**Instructions to follow**
Begin with the line that holds "K34020XP0 Constant Section" and retype through the last line of the listing below, exactly; pictures are not part of the copy.

**Dataset content**
+===+

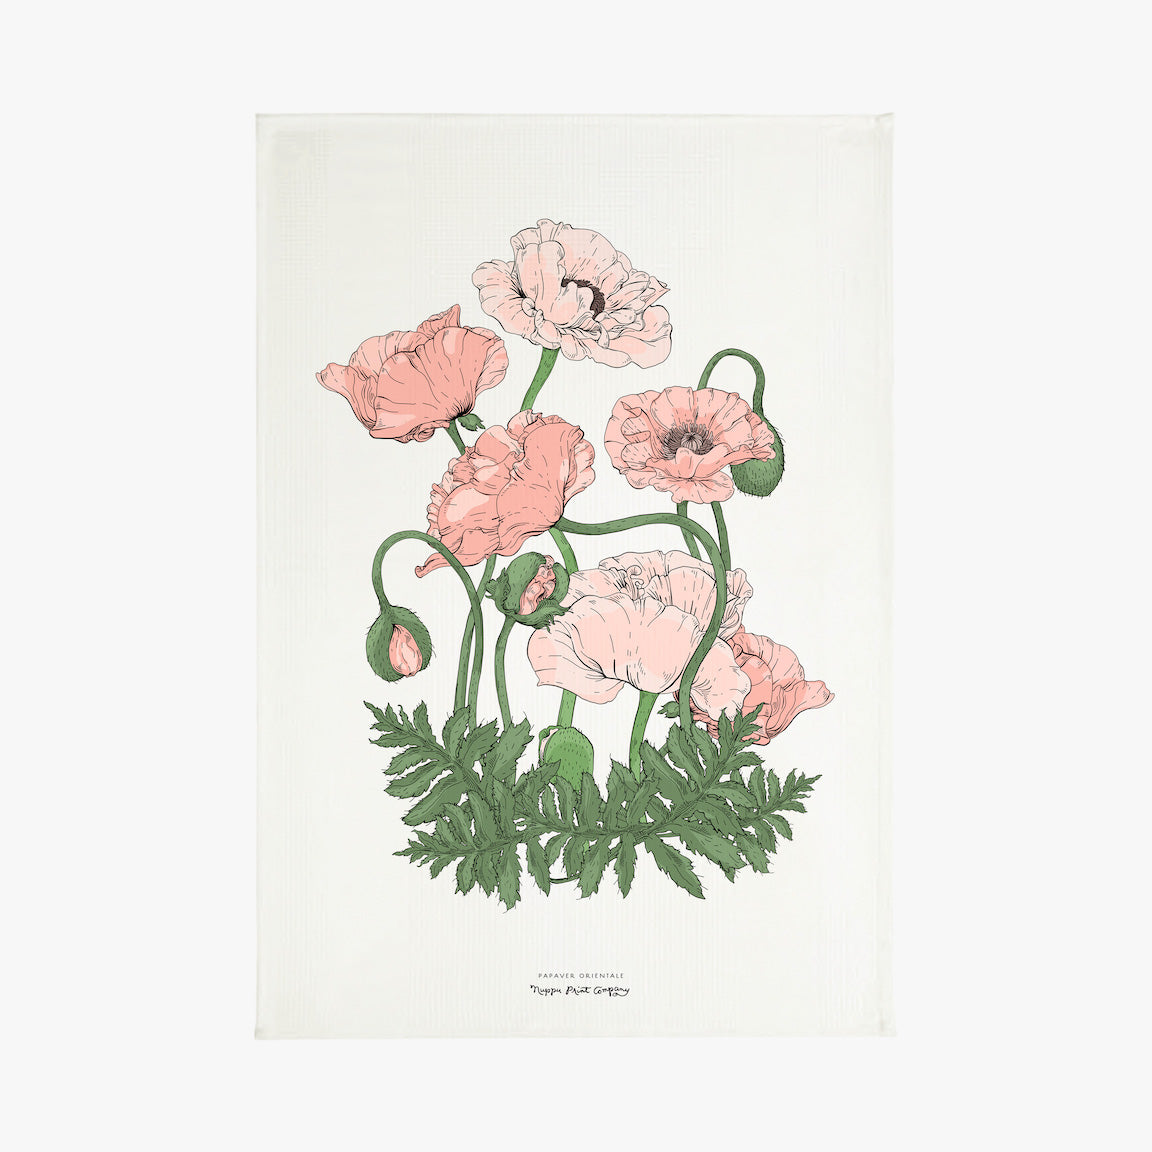 Image of white tea towel with several blush pink and light pink poppies in various stages of bloom with green stems and leaves.
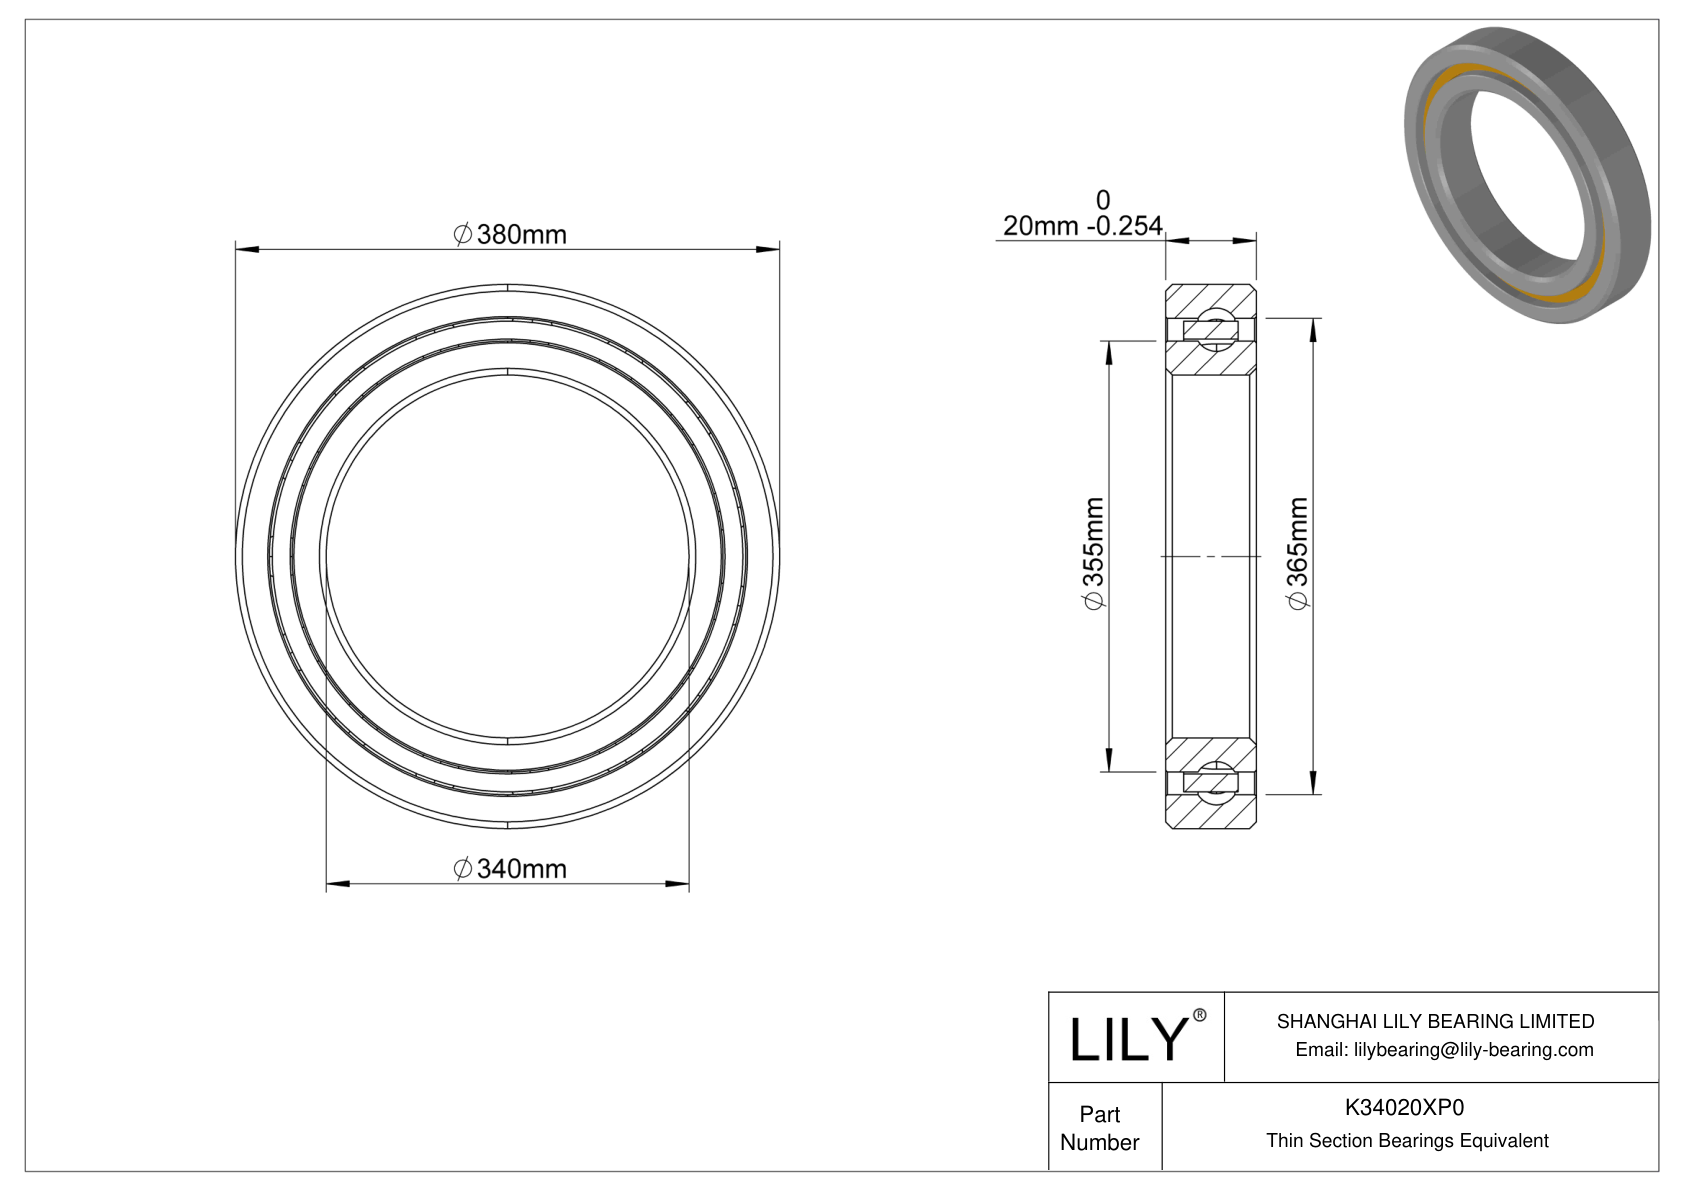 K34020XP0 Constant Section (CS) Bearings cad drawing
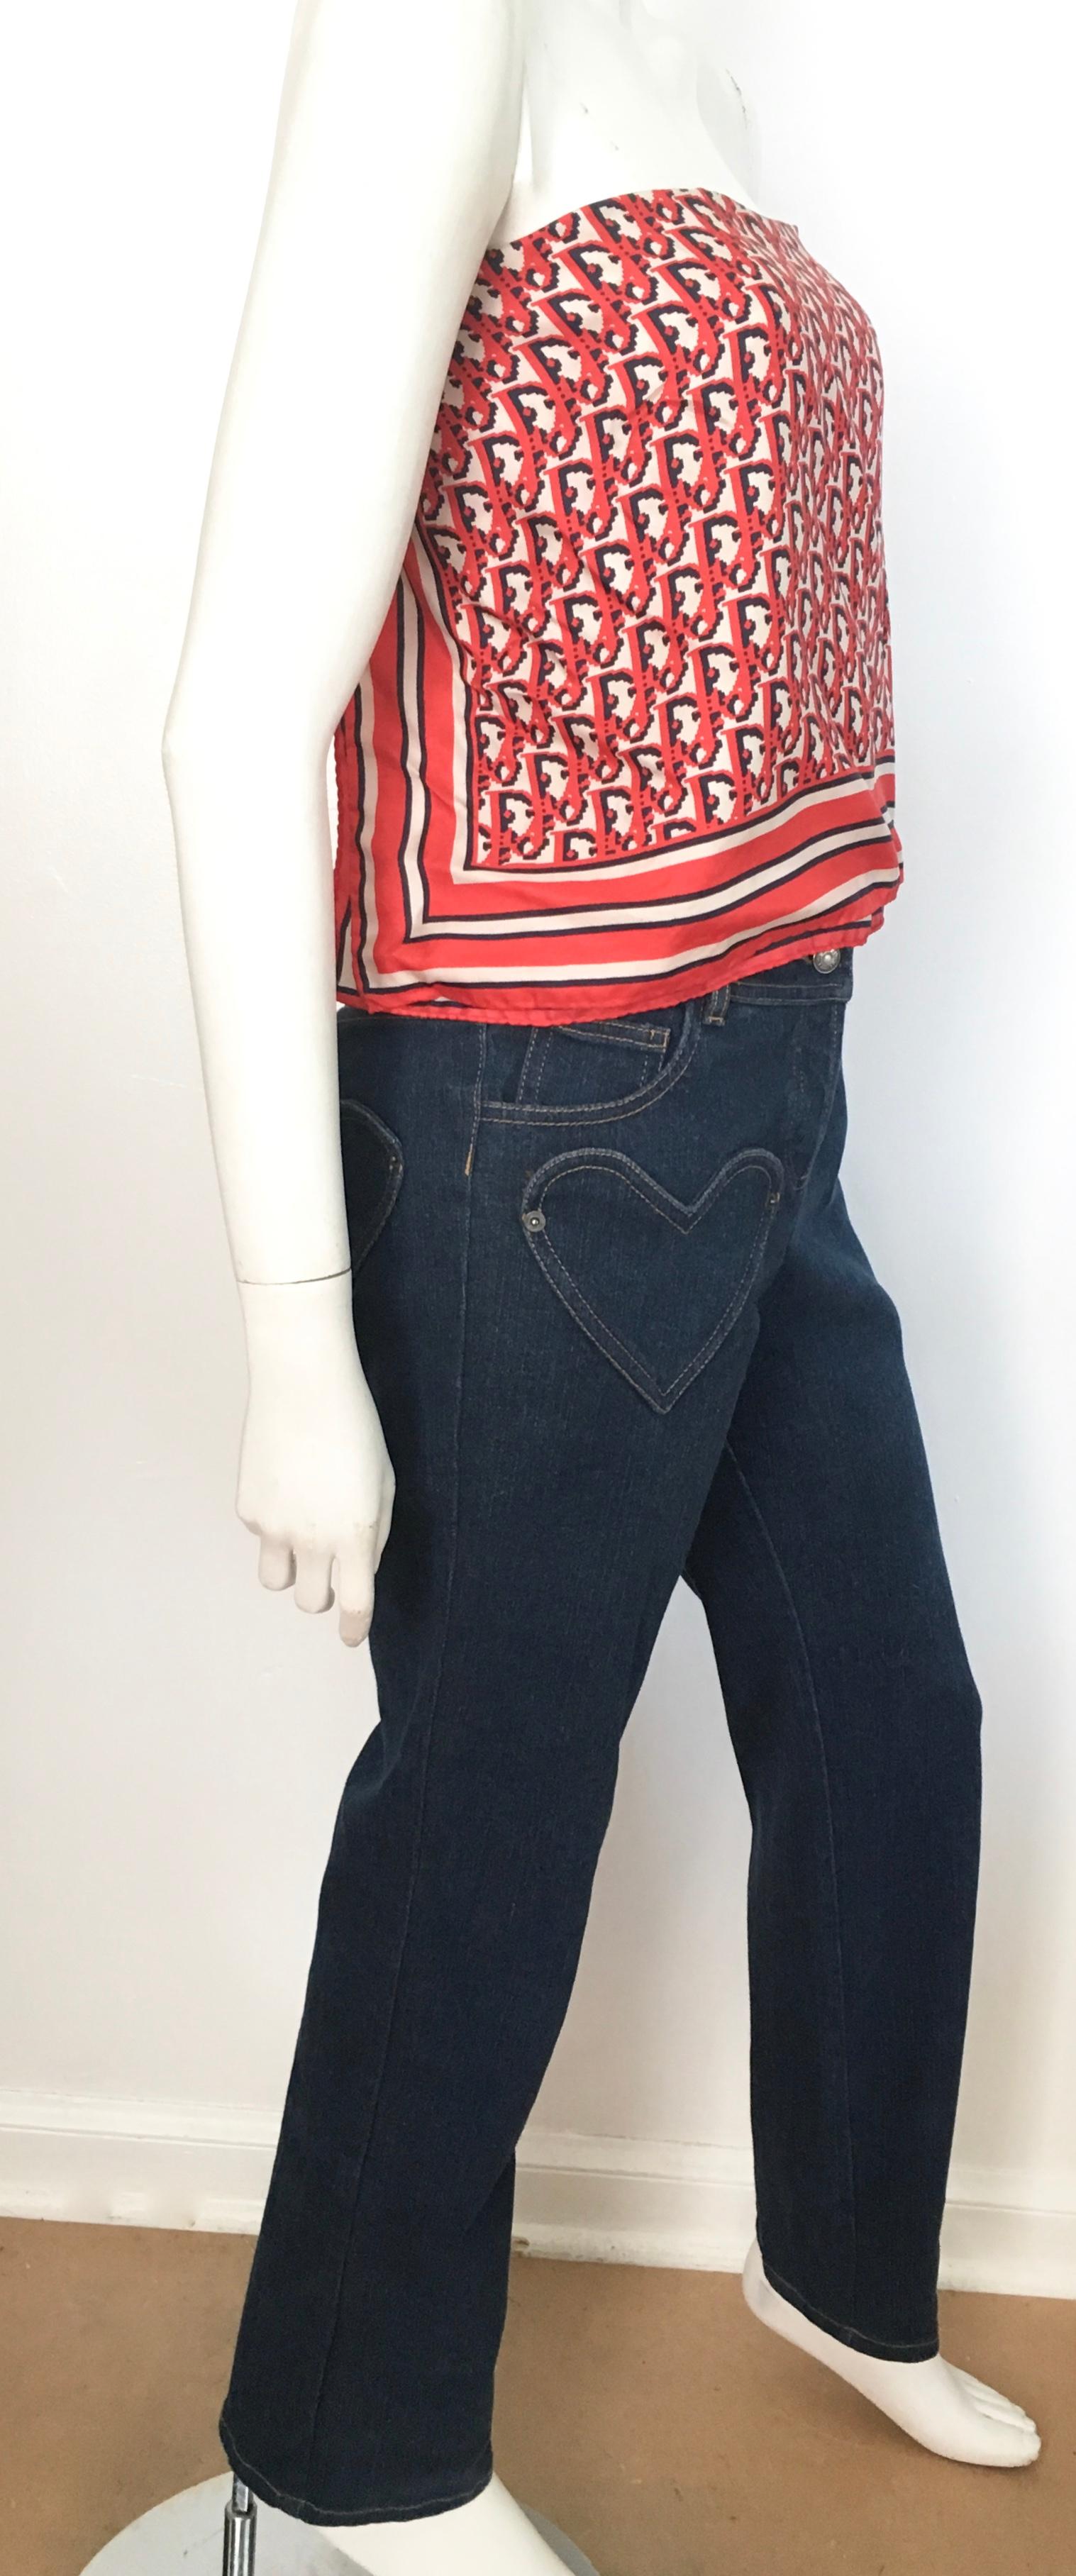 Women's or Men's Dior Denim Button Up Jeans with Heart Shape Pockets Size 6.

+===+

**Answer**
 K34020XP0 Constant Section (CS) Bearings cad drawing
 Women's or Men's Dior Denim Button Up Jeans with Heart Shape Pockets Size 6.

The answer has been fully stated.